Pandas group work with missing data

In the pandas frame, I have a column that looks like this:

0 M 1 E 2 L 3 M.1 4 M.2 5 M.3 6 E.1 7 E.2 8 E.3 9 E.4 10 L.1 11 L.2 12 M.1.a 13 M.1.b 14 M.1.c 15 M.2.a 16 M.3.a 17 E.1.a 18 E.1.b 19 E.1.c 20 E.2.a 21 E.3.a 22 E.3.b 23 E.4.a 

I need to group the whole value, where the first elements are E, M, or L , and then for each group I need to create a subgroup, where is the index 1, 2, or 3 , which will contain an entry for each lowercase letter (a, BC, ...) Potentially, the solution should work for any number of levels uniting the elements (in this case, the number of levels is 3 (for example: A.1.a))

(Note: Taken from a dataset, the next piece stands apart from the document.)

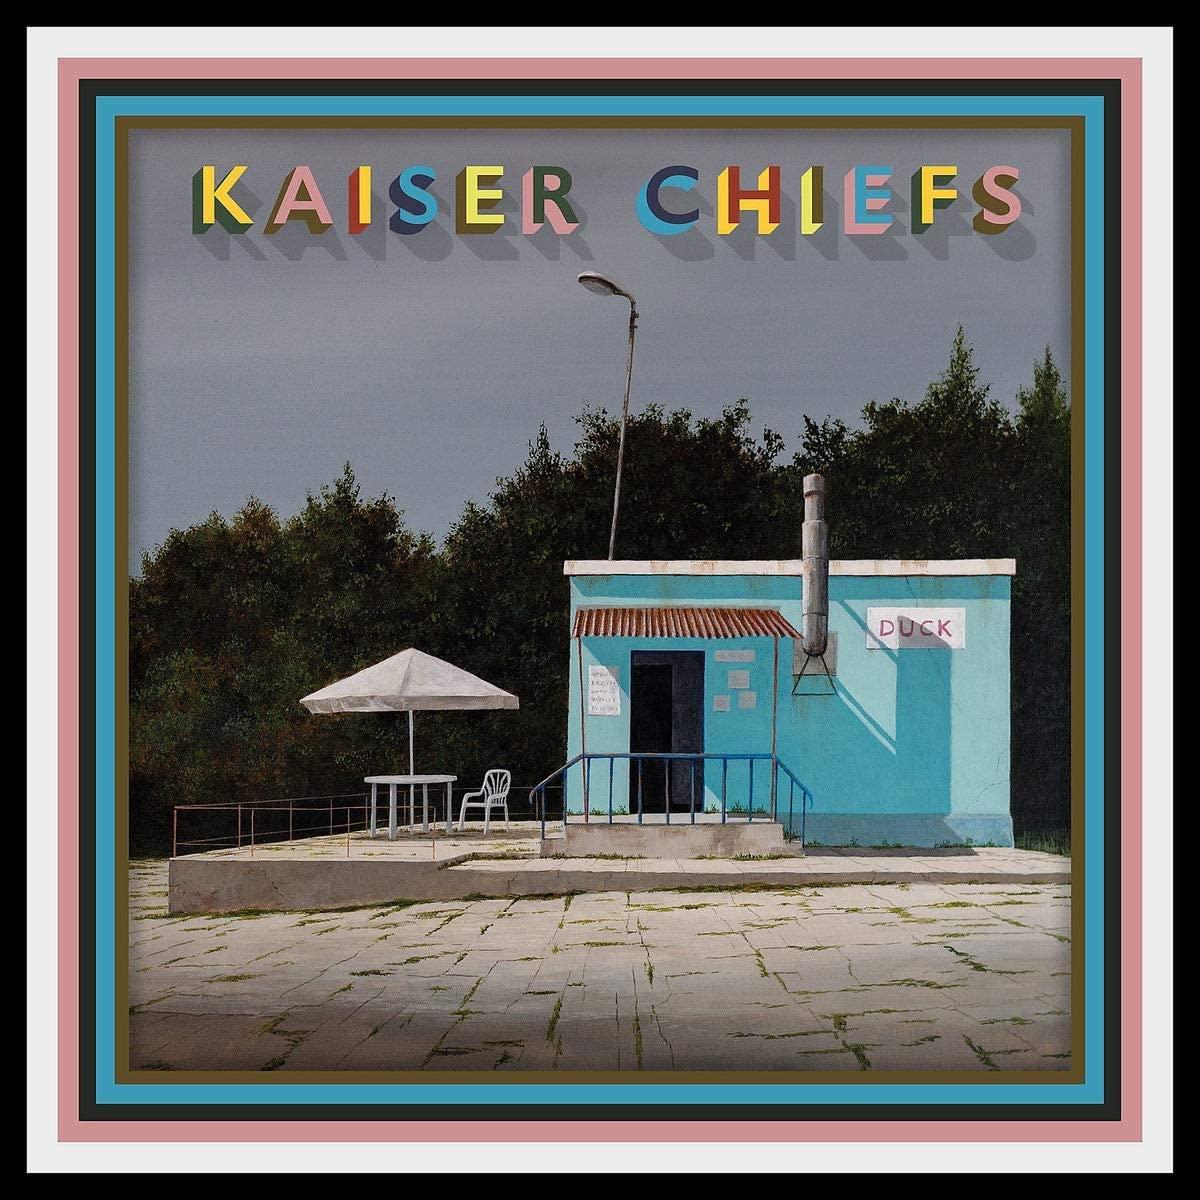 Kaiser Chiefs – Duck Limited Edition Blue Vinyl
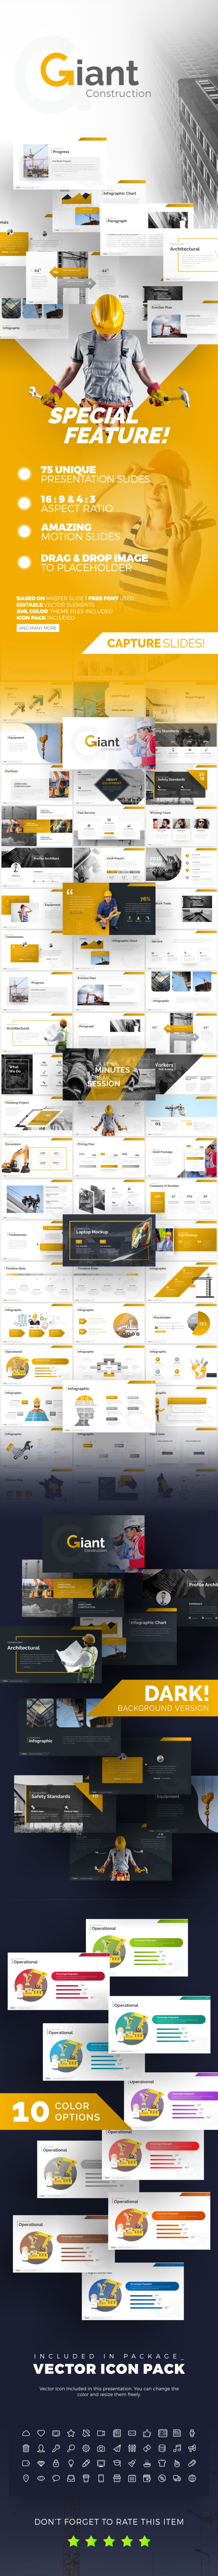 Giant Construction PowerPoint Presentation Template - PowerPoint Templates Presentation Templates

 0 1 2 E 1 a b c 2 a 3 a b 4 a L 1 2 M 1 a b c 2 a 3 a 

I tried:

 df.groupby([0,1,2]).count() 

But as a result, there is no level L, since there are no entries at the last sublevel

The workaround is to add a dummy variable and then delete it ... for example:

 df[2][(df[0]=='L') & (df[2].isnull()) & (df[1].notnull())]='x' df = df.replace(np.nan,' ', regex=True) df.sort_values(0, ascending=False, inplace=True) newdf = df.groupby([0,1,2]).count() 

which gives:

 0 1 2 E 1 a b c 2 a 3 a b 4 a L 1 x 2 x M 1 a b c 2 a 3 a 

Then I process the dummy x entry later in my code ...

how to avoid this trivial way to use groupby ?

+5
source share
2 answers

Assuming that the column in question will be represented by s , we can:

  • Separate the separator "." together with expand=True to create an advanced DF .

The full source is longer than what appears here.